Manafort’s attorneys have said in court filings, and repeated after his Virginia sentencing, that he was never accused of collusion or any Russia-related crimes.

The second sentencing will mark a milestone in Manafort’s legal saga, which began in October 2017 when he and his longtime employee and campaign deputy Rick Gates became the first defendants publicly charged in Mueller’s probe . Gates later pleaded guilty to conspiracy and lying to the FBI. He agreed to cooperate with the investigation and has yet to be sentenced.

Manafort faced two federal trials because he exercised his option to keep the tax and bank fraud charges in the state where he lived.

At trial in Virginia in August, a jury found him guilty on eight counts and deadlocked on 10 others.

On Sept. 14, on the eve of jury selection for his trial in Washington, Manafort pleaded guilty and agreed to cooperate with the Mueller team.

In sentencing memos to Jackson, prosecutors did not ask for a specific term to be imposed but urged it be enough to deter Manafort and others from committing similar crimes.

In their memo, prosecutors cast Manafort’s conduct as the work of a veteran political operator who served at the pinnacle of both an American presidential campaign and his own, secretive lobbying operation, yet who was also a serial liar and a “bold . . . hardened” actor who undertook “concerted criminal action” spanning years.

Manafort “lied to the . . . FBI, this office, and the grand jury,” prosecutors wrote.
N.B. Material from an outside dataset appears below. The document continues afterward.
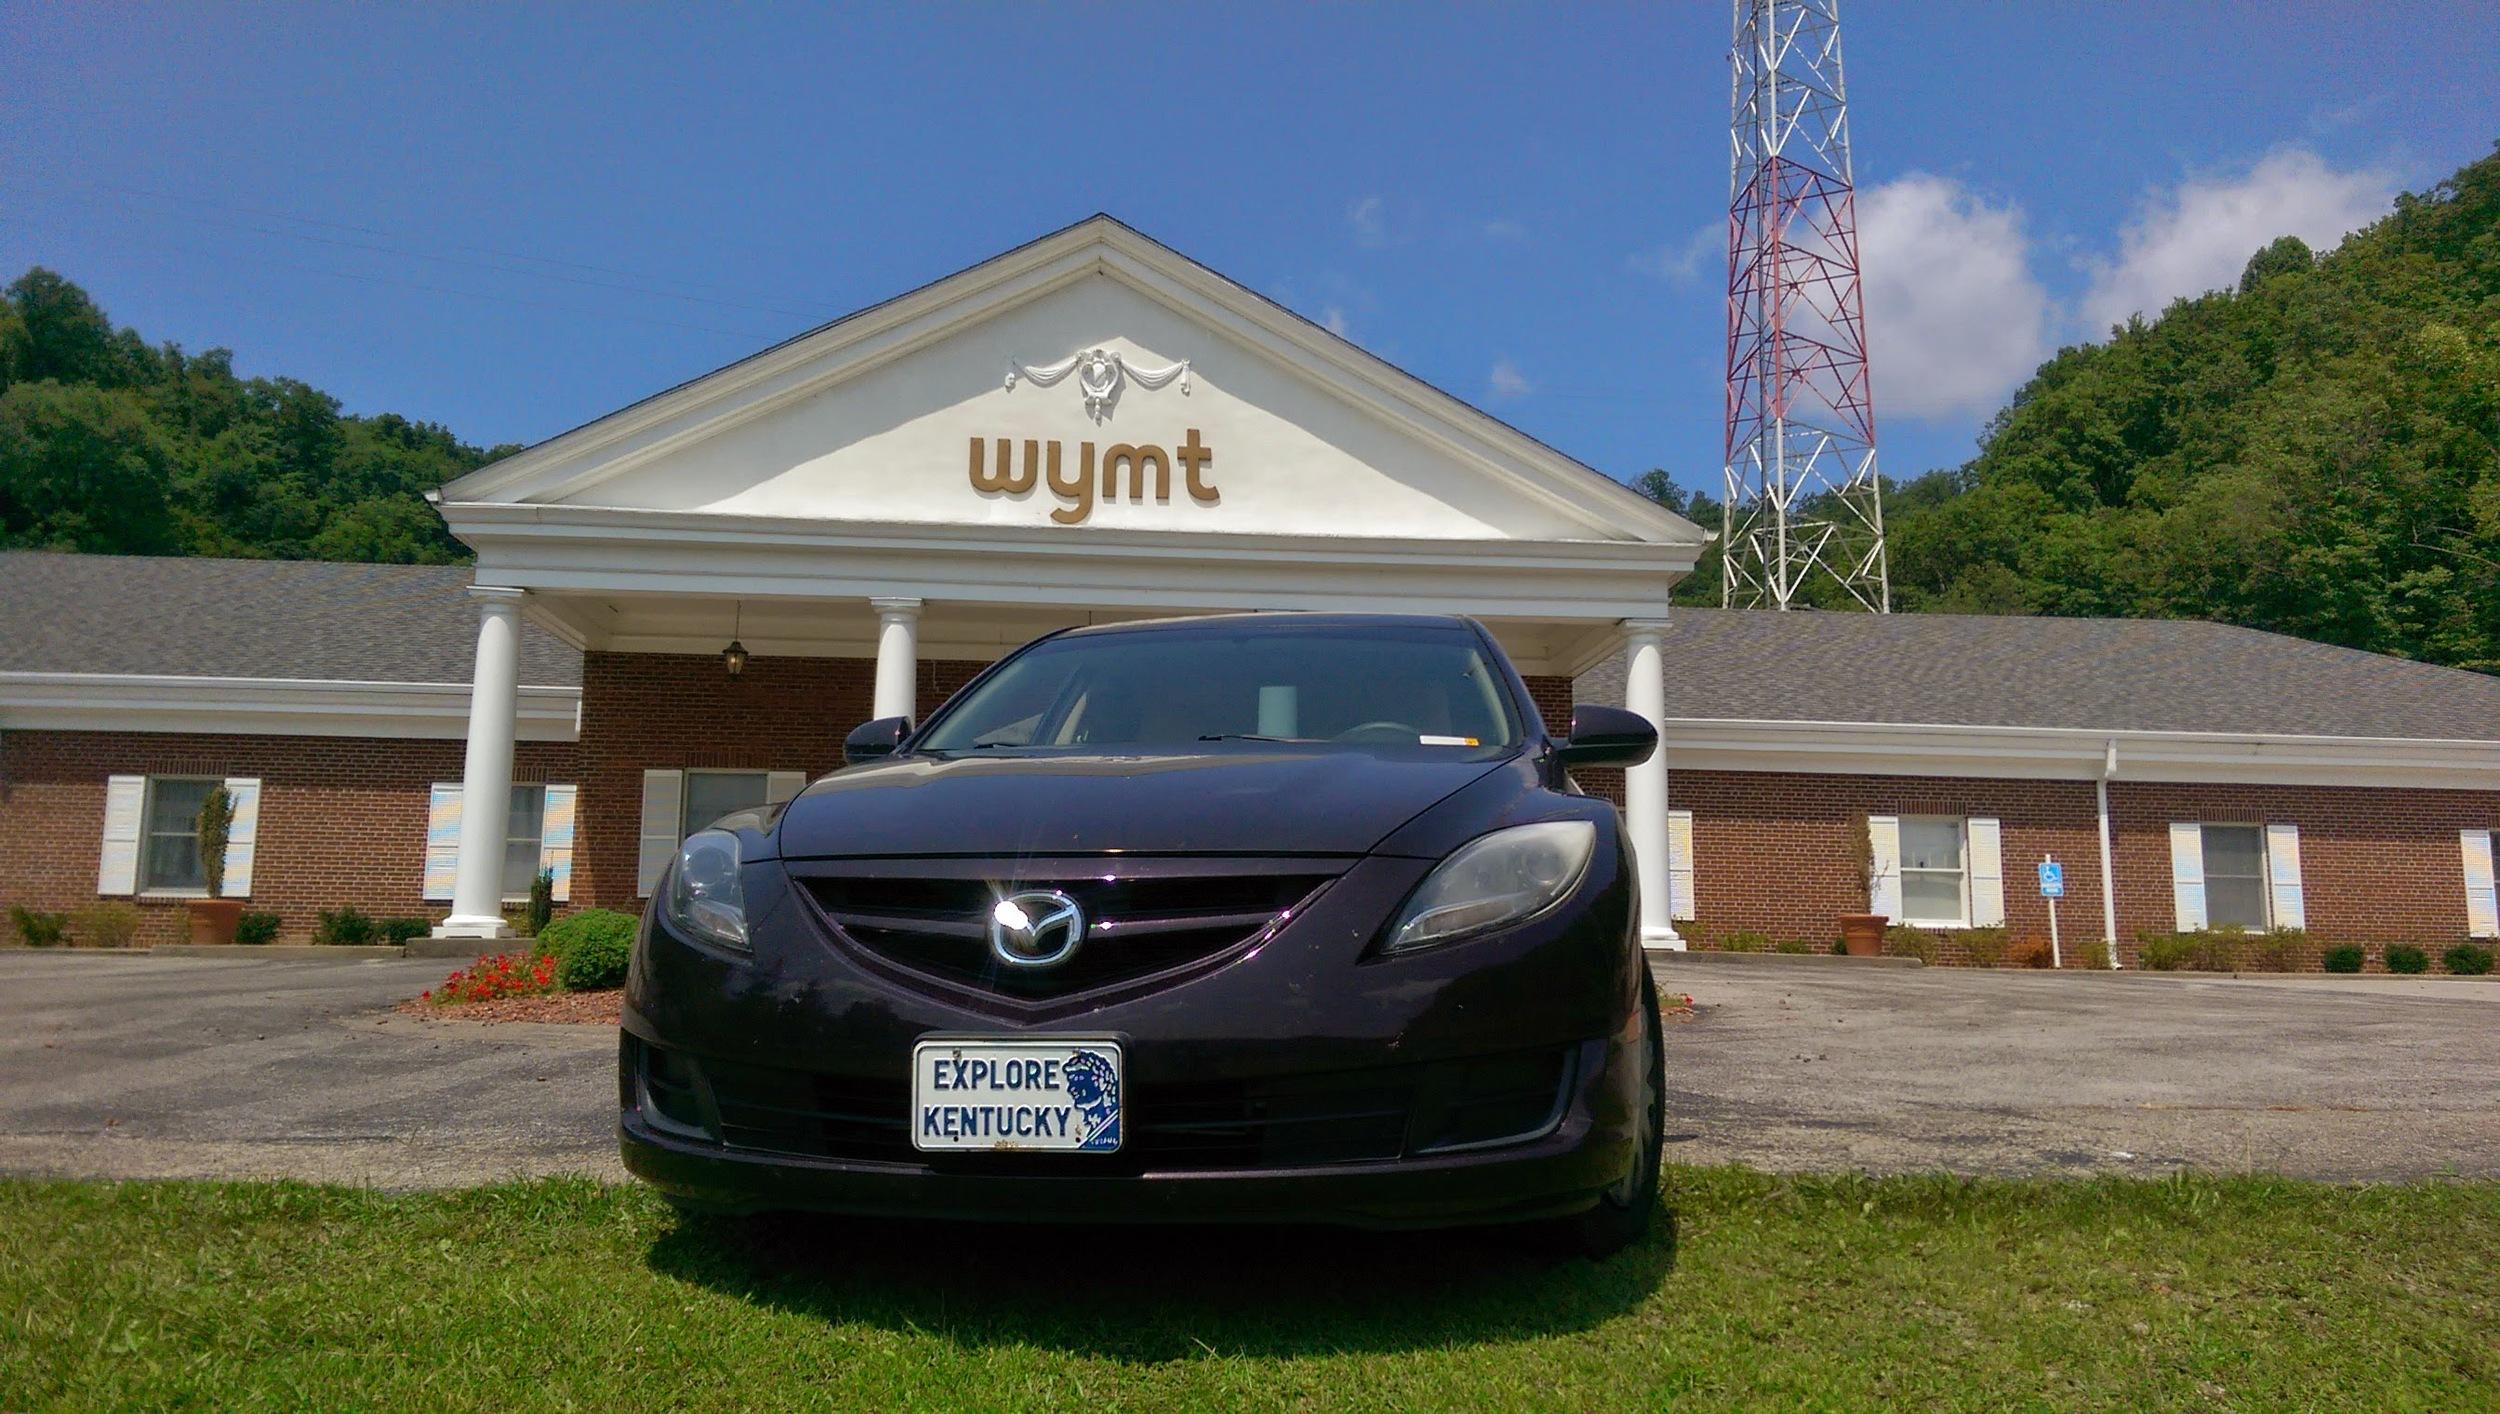 The Explore Kentucky Land Cruiser at WYMT-TV in Hazard, KY Photo by: Gerry Seavo
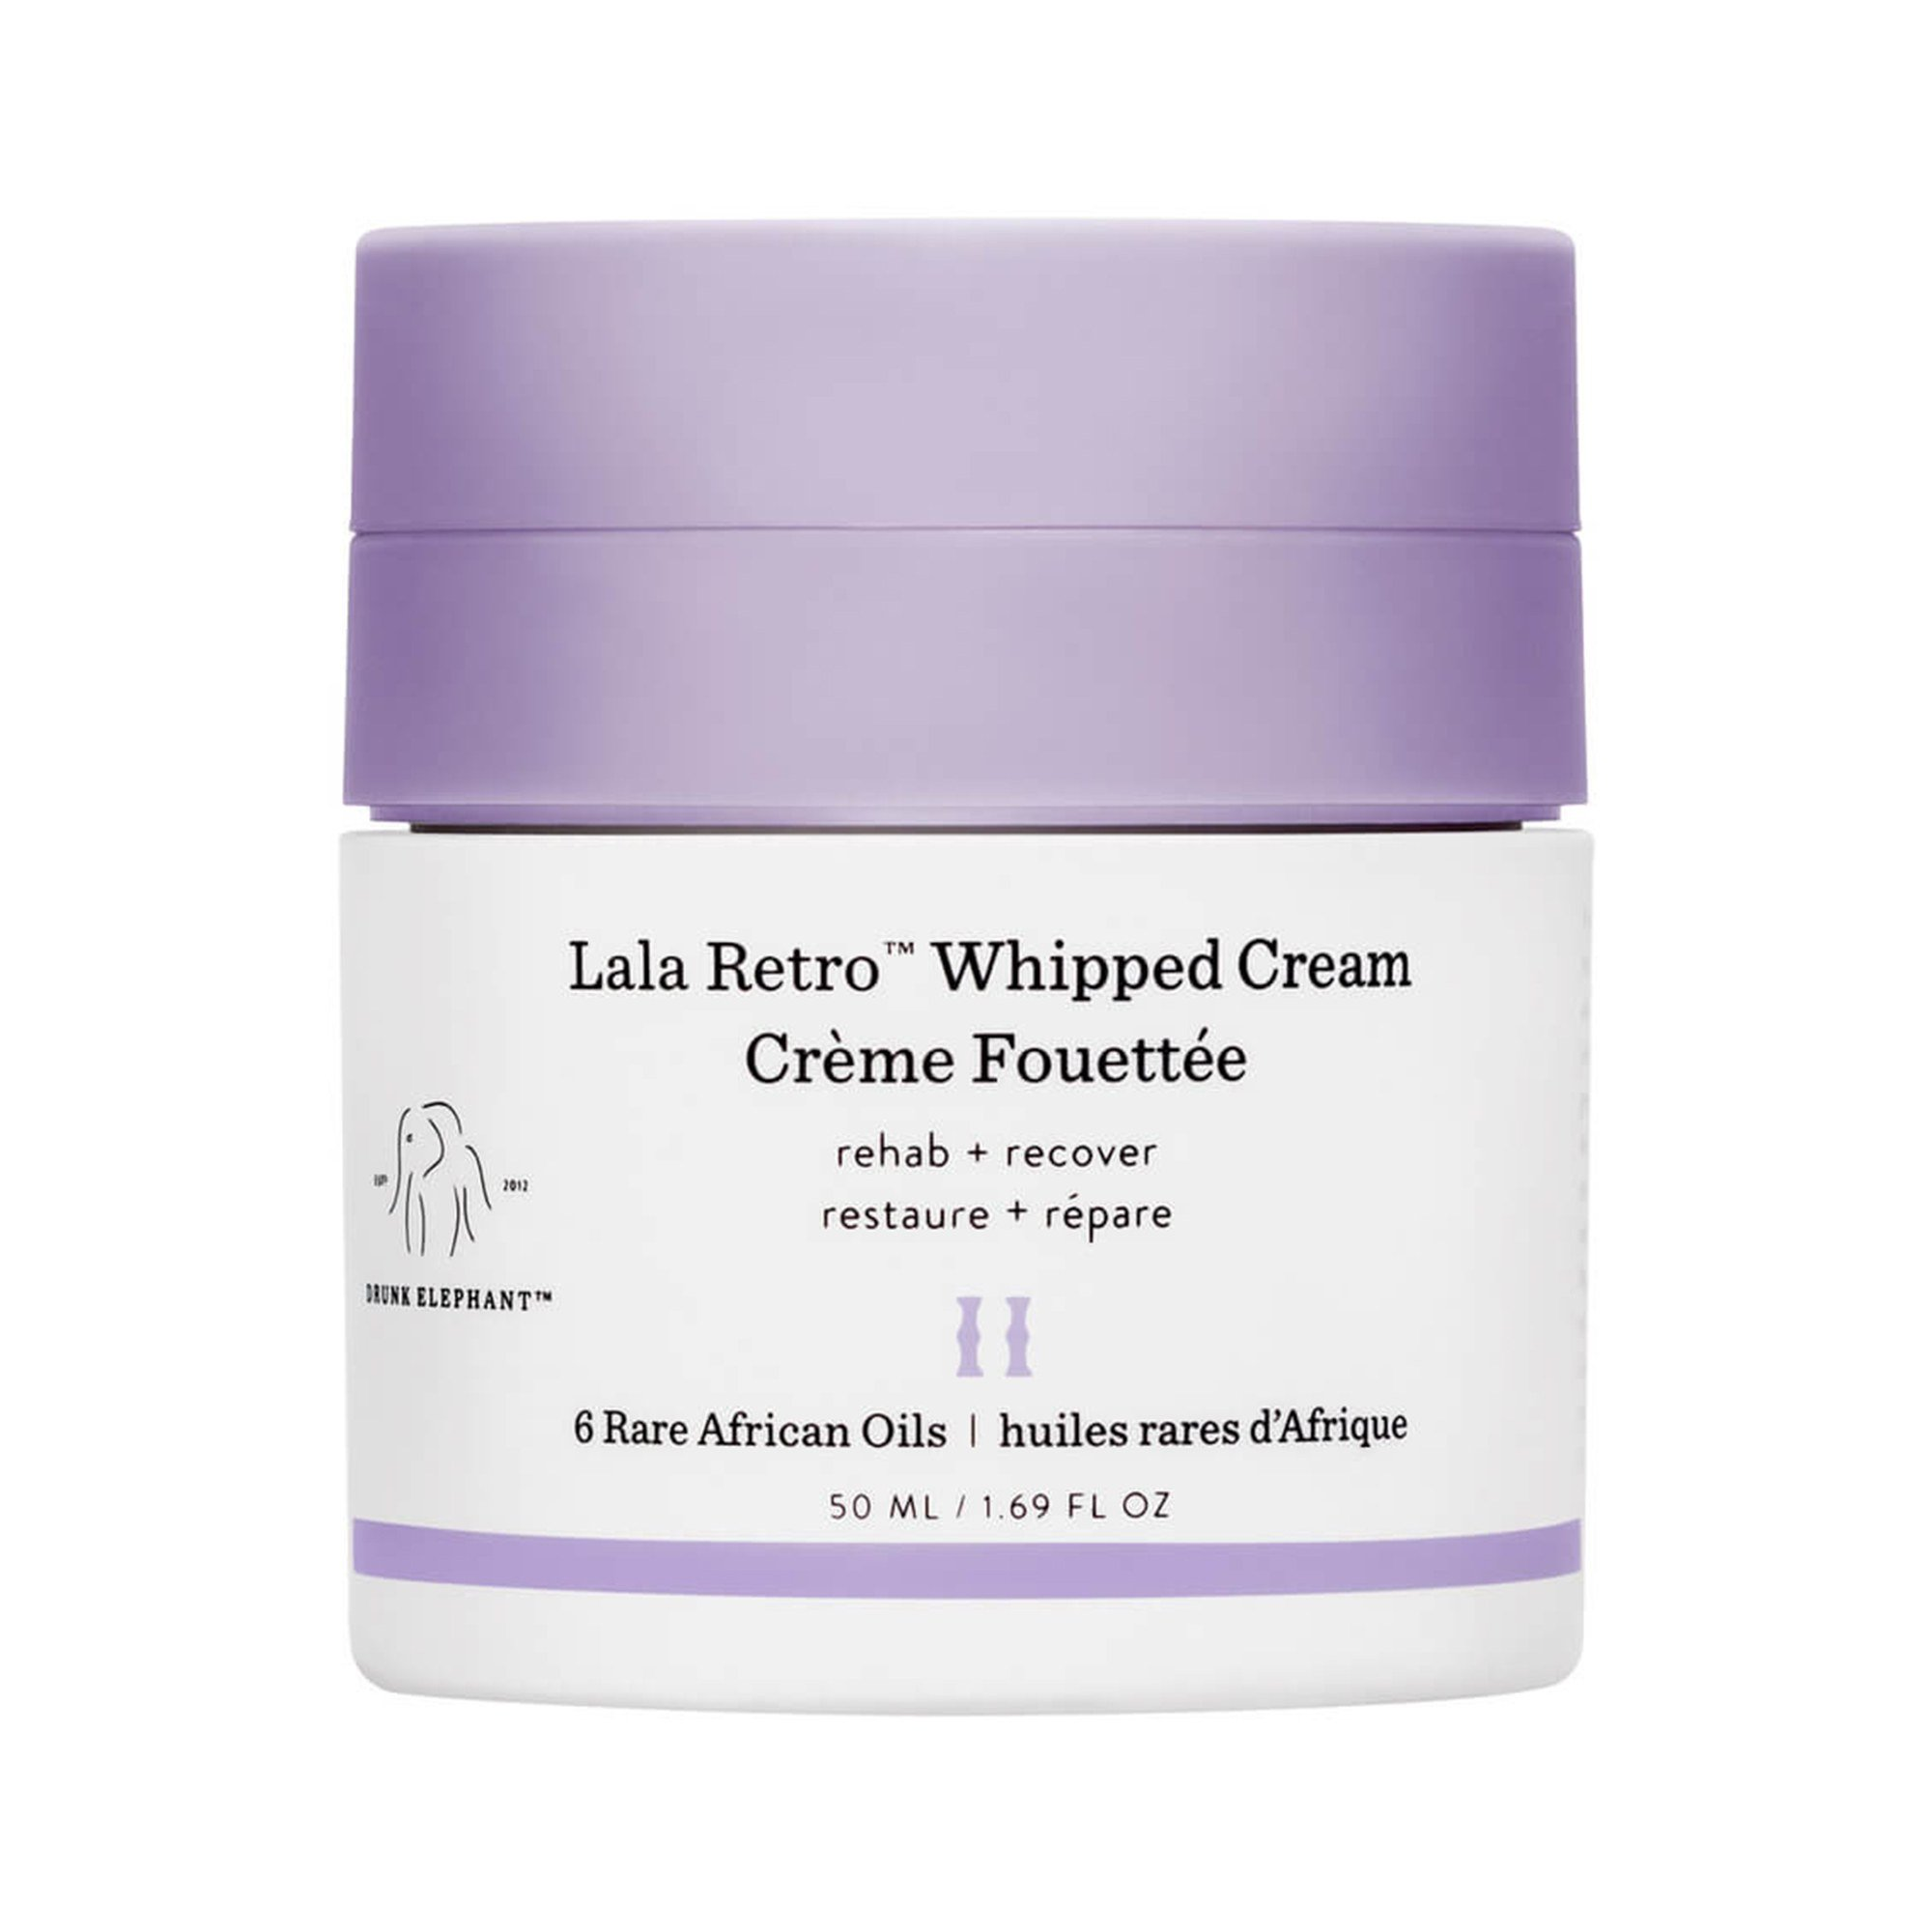 Drunk Elephant Lala Retro Whipped Cream - Anti-Aging Moisturizer for Dry Skin (1.69 fl oz)

But his deceit also extended to tax preparers, bookkeepers, banks, the Treasury and Justice Departments and his own lawyers, prosecutors contended.

Manafort’s team appealed for less time, arguing he was singled out by prosecutors for lobbying and financial crimes unrelated to Russian collusion with Trump’s campaign and “vilified in a manner that this country has not experienced in decades.”

Manafort “is presented to this Court by the government as a hardened criminal who ‘brazenly’ violated the law and deserves no mercy. But this case is not about murder, drug cartels, organized crime, the Madoff Ponzi scheme or the collapse of Enron,” his defense wrote.

They highlighted his work for a succession of Republican presidents and presidential candidates including Gerald Ford, Ronald Reagan, George H.W. Bush and Bob Dole and presented him as a victim of vindictive prosecutors desperate to “tighten the screws” on a witness at the apex of Trump’s campaign to “flip” and implicate others, attorneys Kevin M. Downing, Thomas E. Zehnle and Richard W. Westling wrote.

Manafort joined the Trump campaign in March 2016 and left in late August of that year amid reports about his payments for his political work in Ukraine.

Manafort at last week’s sentencing asked for compassion.

“The last two years have been the most difficult years for my family and I,” Manafort said. “To say that I feel humiliated and ashamed would be a gross understatement.”

“My life is professionally and financially in shambles,” he said. The worst pain, he said, “is the pain my family is feeling,” adding that he had drawn strength from the “outpouring of support” he had received despite the “media frenzy.”